Hypertriglyceridemia can be anticipated and thus avoided or minimized by giving concomitant fenofibrate 145 mg with atorvostatin 20-80 mg and omega 3 fatty acid capsules. Low-dose bexarotene (1-3 tablets) can be initiated and the dose gradually increased as tolerated. In order to minimize the bexarotene-associated hyperlipidemia it is important to identify patients with familial hypertriglyceridemia, an individual or family history of myocardial infarction or cardiovascular disease (CV), or a history of diabetes. Many patients with a history of CV will have hypertriglyceridaemia that will need to be treated before starting bexarotene therapy with both fenofibrate at 145mg daily and atorvastatin at 20-40 mg, if there is high cholesterol.

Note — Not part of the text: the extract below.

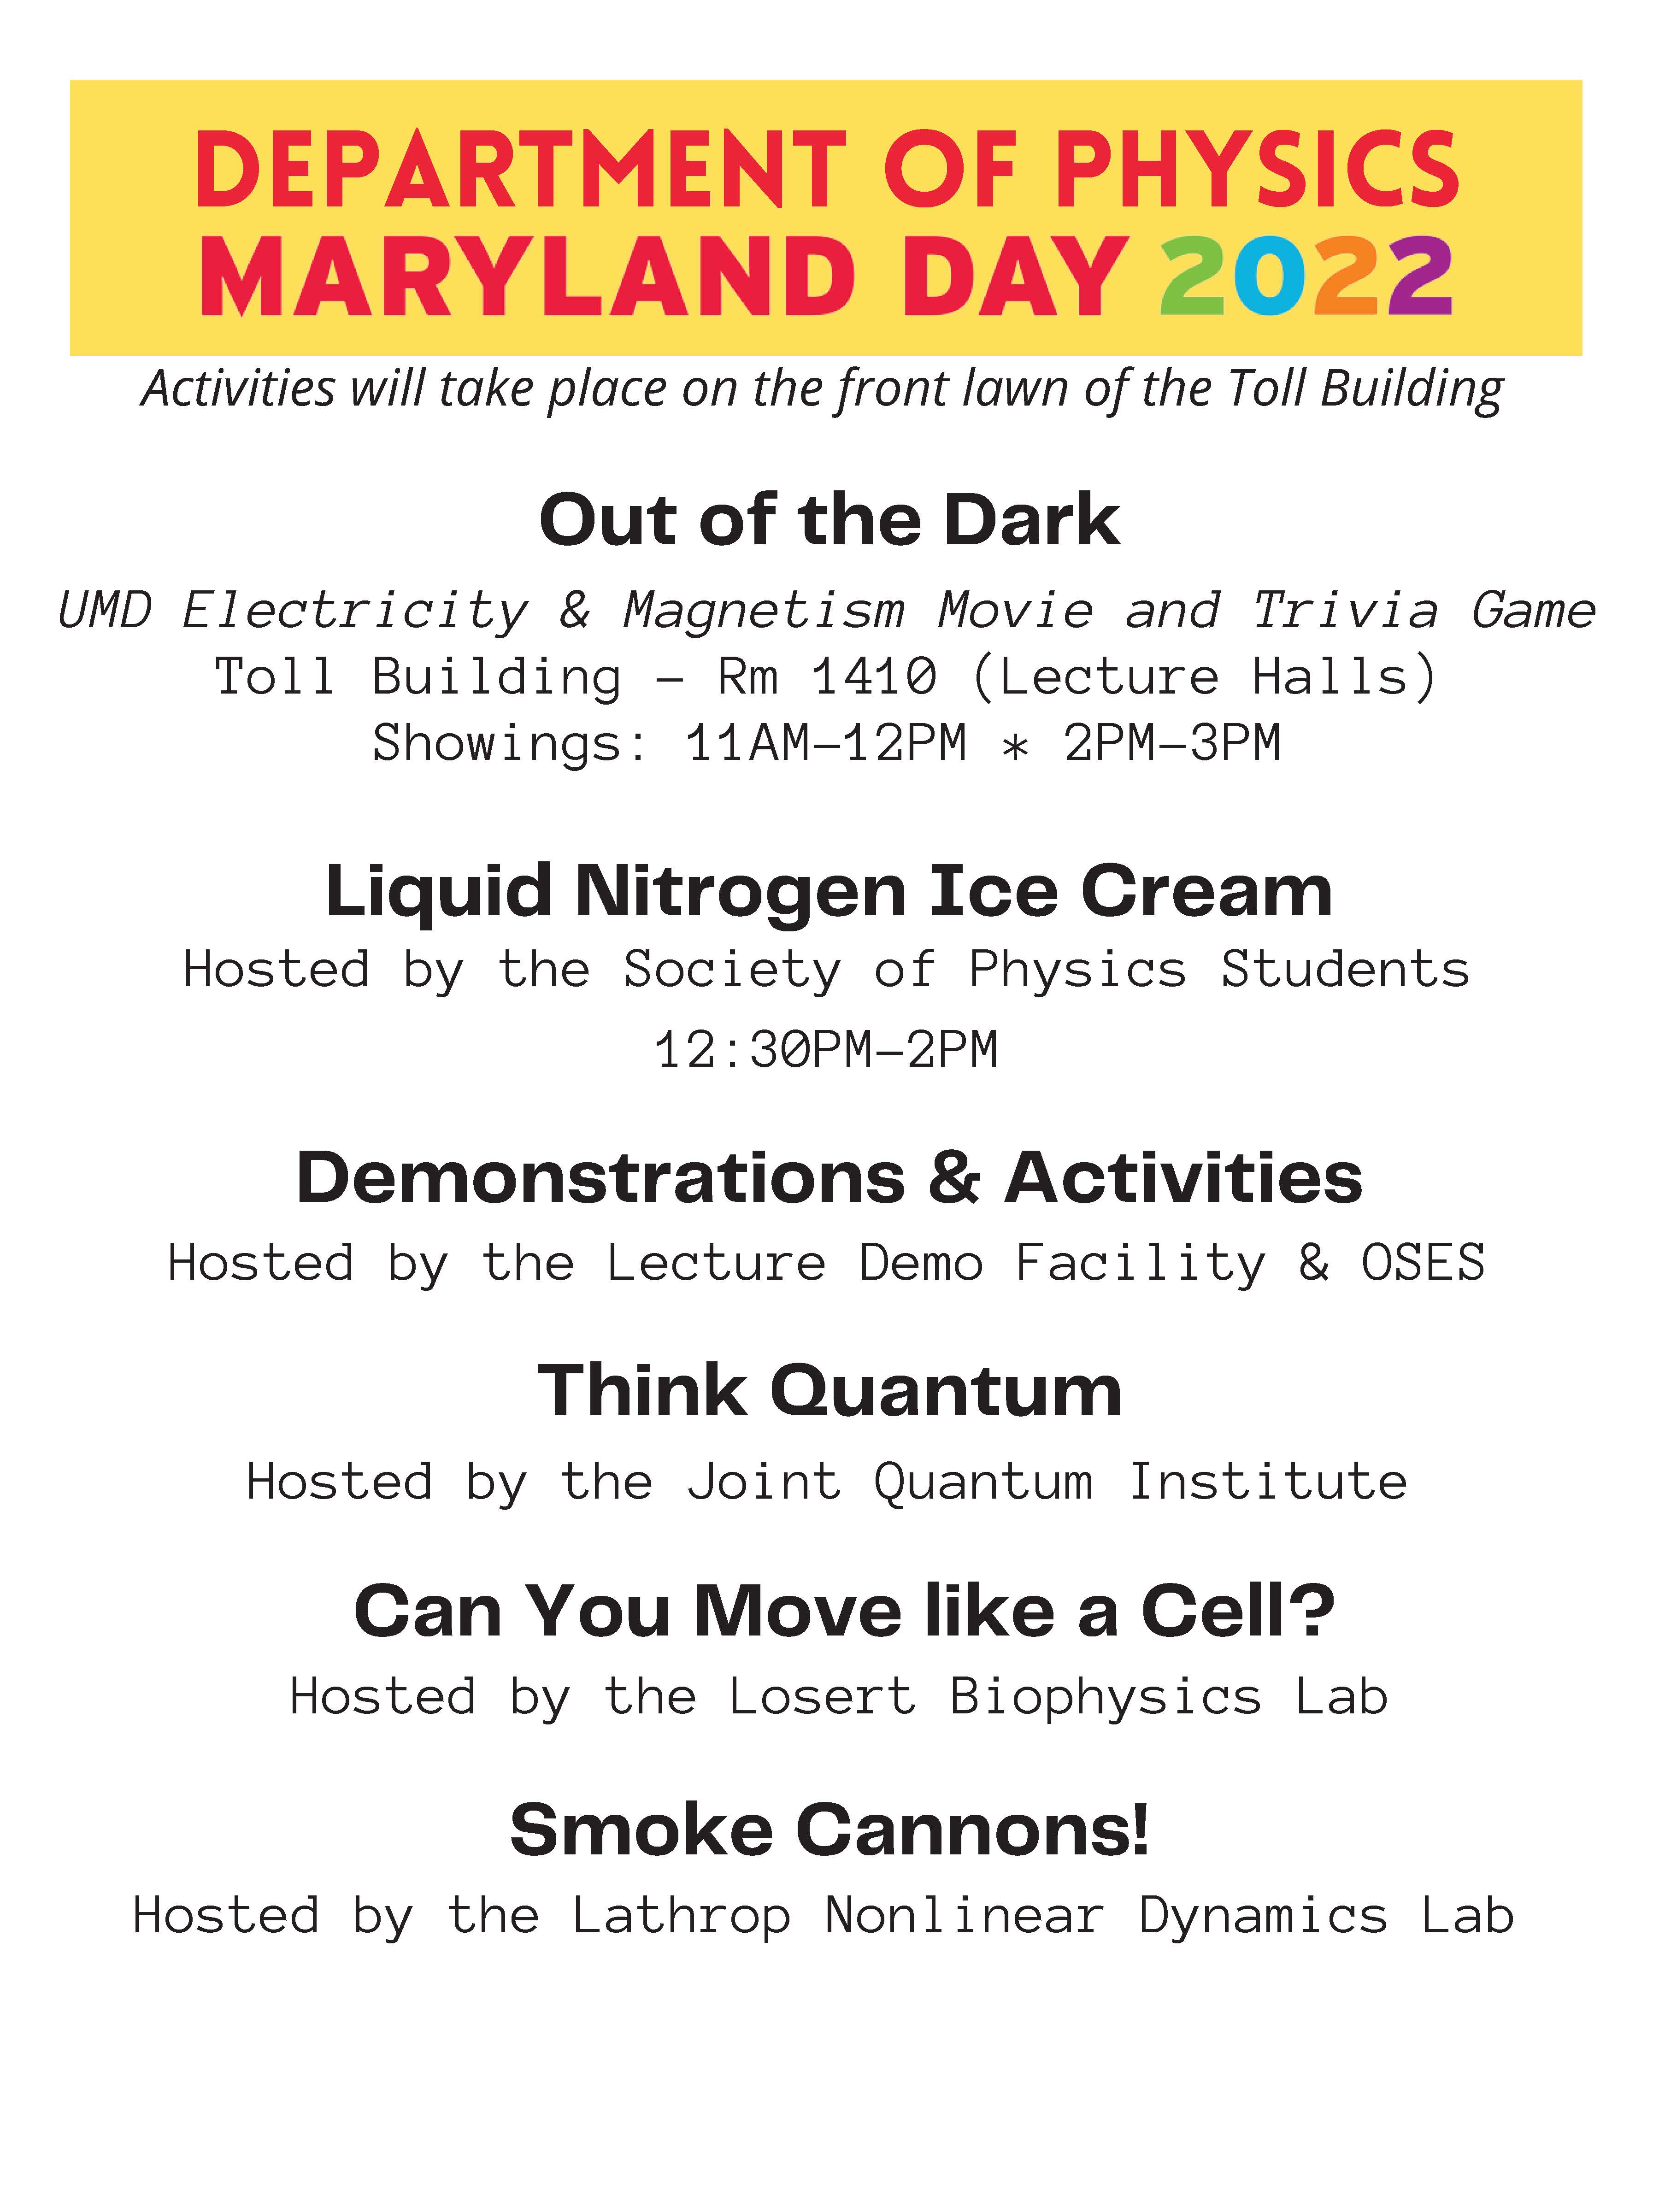 Maryland Day Flyer 2022

Fenofibrate and atorvastatin together should be used with caution since there is a small risk of rhabdomyolysis. Muscle symptoms and creatinine phosphokinase levels should be monitored.

Baseline free T4, thyroid stimulating hormone (TSH), and fasting triglyceride and cholesterol levels (HDL and LDL) should be obtained at baseline at one week of therapy, monthly until stable, and then every three months in all patients at baseline being considered for bexarotene treatment.

Conclusions

Bexarotene is effective in the management of CTCL, has the advantage of an oral route of administration, and is generally well tolerated. Our patient was started at a lower dose of bexarotene, and responded when the optimum dose of 600 mg per day was reached. An increase in dose (provided triglycerides remain within acceptable limits) is an option that should be considered before switching to a different therapy.